I think if you are chronically fatigued, then something isn't working and it's time for change

Hah. That, or your baby just doesn't like to sleep the same way you do.

We're up between 4 and 8 times a night no matter what we do (or don't do). That's just how it is with our child. Not sure what I would/could change at this point, but co-sleeping has definitely made some of the night time stuff easier for us.

See? I am so sleep deprived that I responded to this thread twice without even realizing it. Dork.


----------



## PPK (Feb 15, 2007)

I think that for us, nursing to sleep was what initiated some of the frequent wakings,not so much the cosleeping.

I know a woman who is adamant about waking herself out of sleep, bf's, then pushes her baby a few feet from her so he won't equate food/sucking with sleep and she swears its what helped him to not wake so much ( I think w/her first she didn't).

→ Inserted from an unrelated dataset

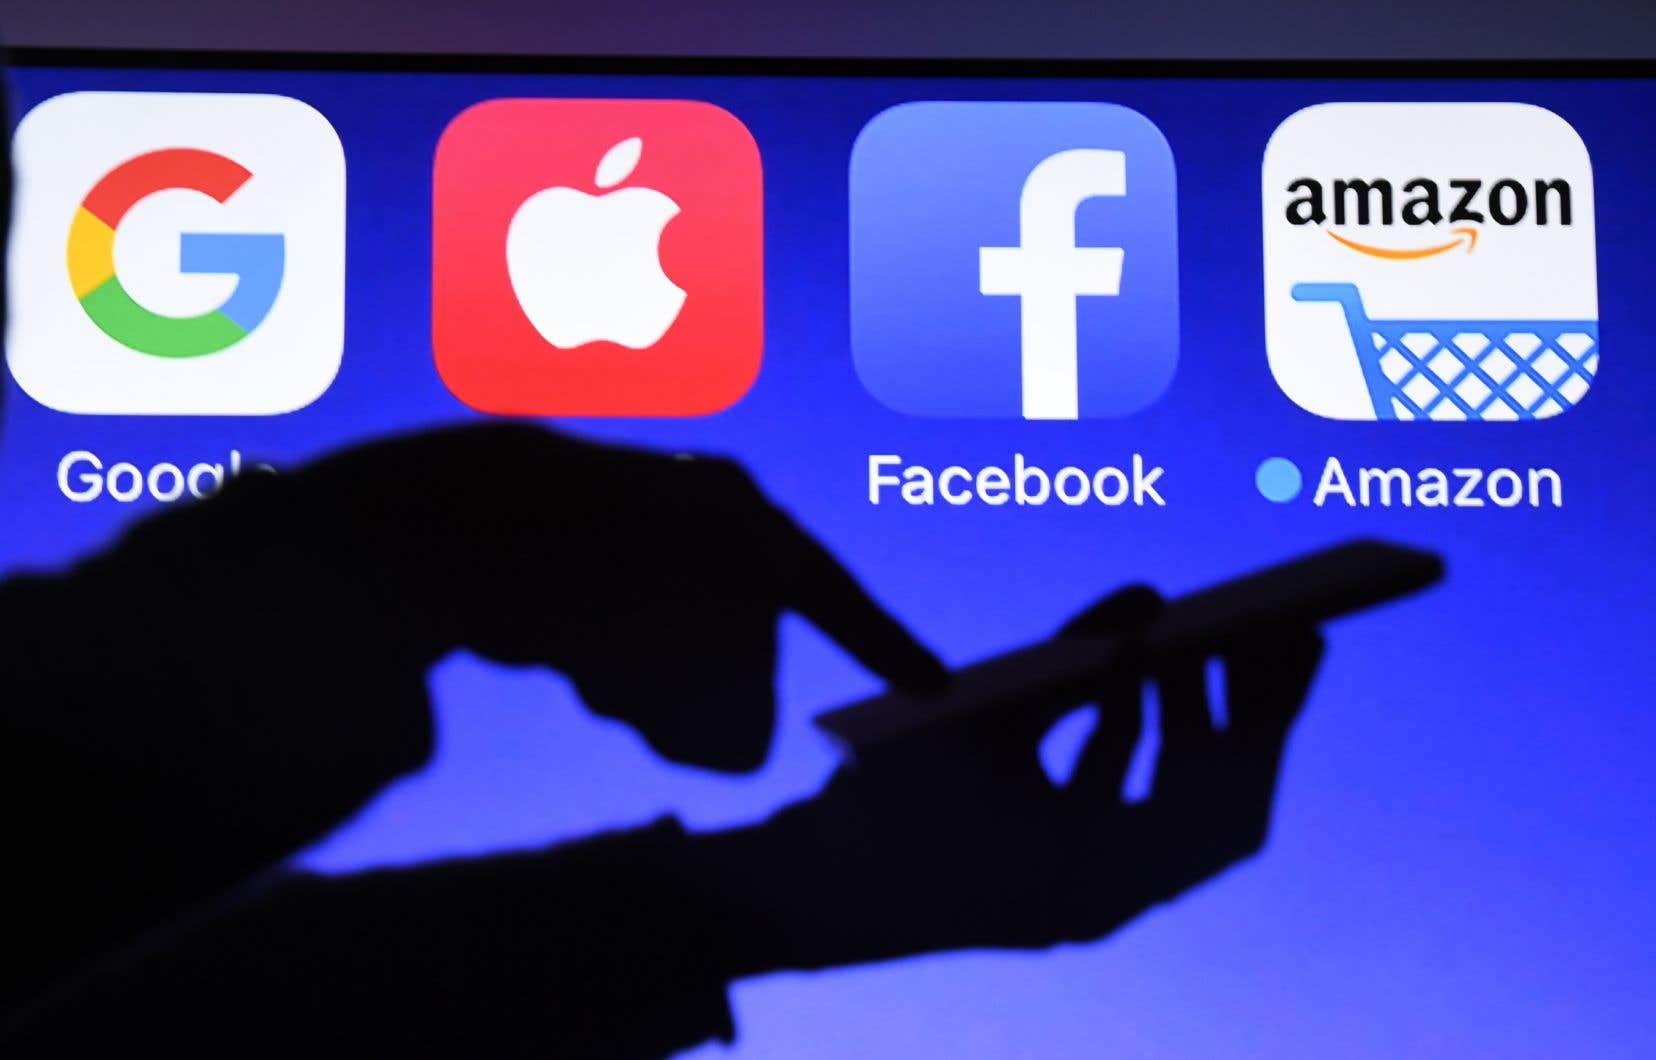 L'annonce de la Federal Trade Commission survient alors que s'intensifient, aux États-Unis et dans le monde, les débats sur les géants du secteur comme Google, Facebook ou Amazon, accusés d'être trop puissants.

I felt that in the nb stage it was fine, but my intuition told me arond the 3rd month that it was getting to be a 'need' in order for ds to fall asleep. I wish I started to change things then. But we're working on it mow at 4.5months and it is improving (ncss)







.

Also, I second a pp's comment about needing some space sometmes. For the past few nights ds has woken once or twice fussing and he wasn't hungry, or wet. I got frustrated and moved across the bed and he instantly fell asleep!! Lately I think he likes a little distance physically, poor guy, I'm all over him at night usually


----------



## wannabe (Jul 4, 2005)

You need to remember that this is a board where people post for help. I'm not about to go and start a thread on how great a sleeper my newborn is. So you've got essentially a slice of the population who are sleep deprived. Everyone else is off stressing about poo or food or behaviour. You wouldn't walk into an AA meeting and exclaim how no-one seems to be able to drink moderately these days.

Quote:

Hah. That, or your baby just doesn't like to sleep the same way you do.

We're up between 4 and 8 times a night no matter what we do (or don't do). That's just how it is with our child. Not sure what I would/could change at this point, but co-sleeping has definitely made some of the night time stuff easier for us.
You posted twice but you said good stuff!

My two year old has nightmares, she wakes up from them. I sleep in a bed next to hers so I don't have to get out of bed to comfort her. I agree that bed sharing can cause nightwakings (it certainly does for me), but that's not the whole story.

But actually, I have seen people on here argue that any manipulation whatsoever of your child's sleep is a bad thing, no matter how you feel. And that was in a discussion about having a consistent bedtime for older kids! So I suppose yes, some people on here do make life harder/tireder than it needs to be.


----------



## locksmama (Jun 7, 2007)

Quote:


Originally Posted by *jenrose9* 
I think that for us, nursing to sleep was what initiated some of the frequent wakings,not so much the cosleeping.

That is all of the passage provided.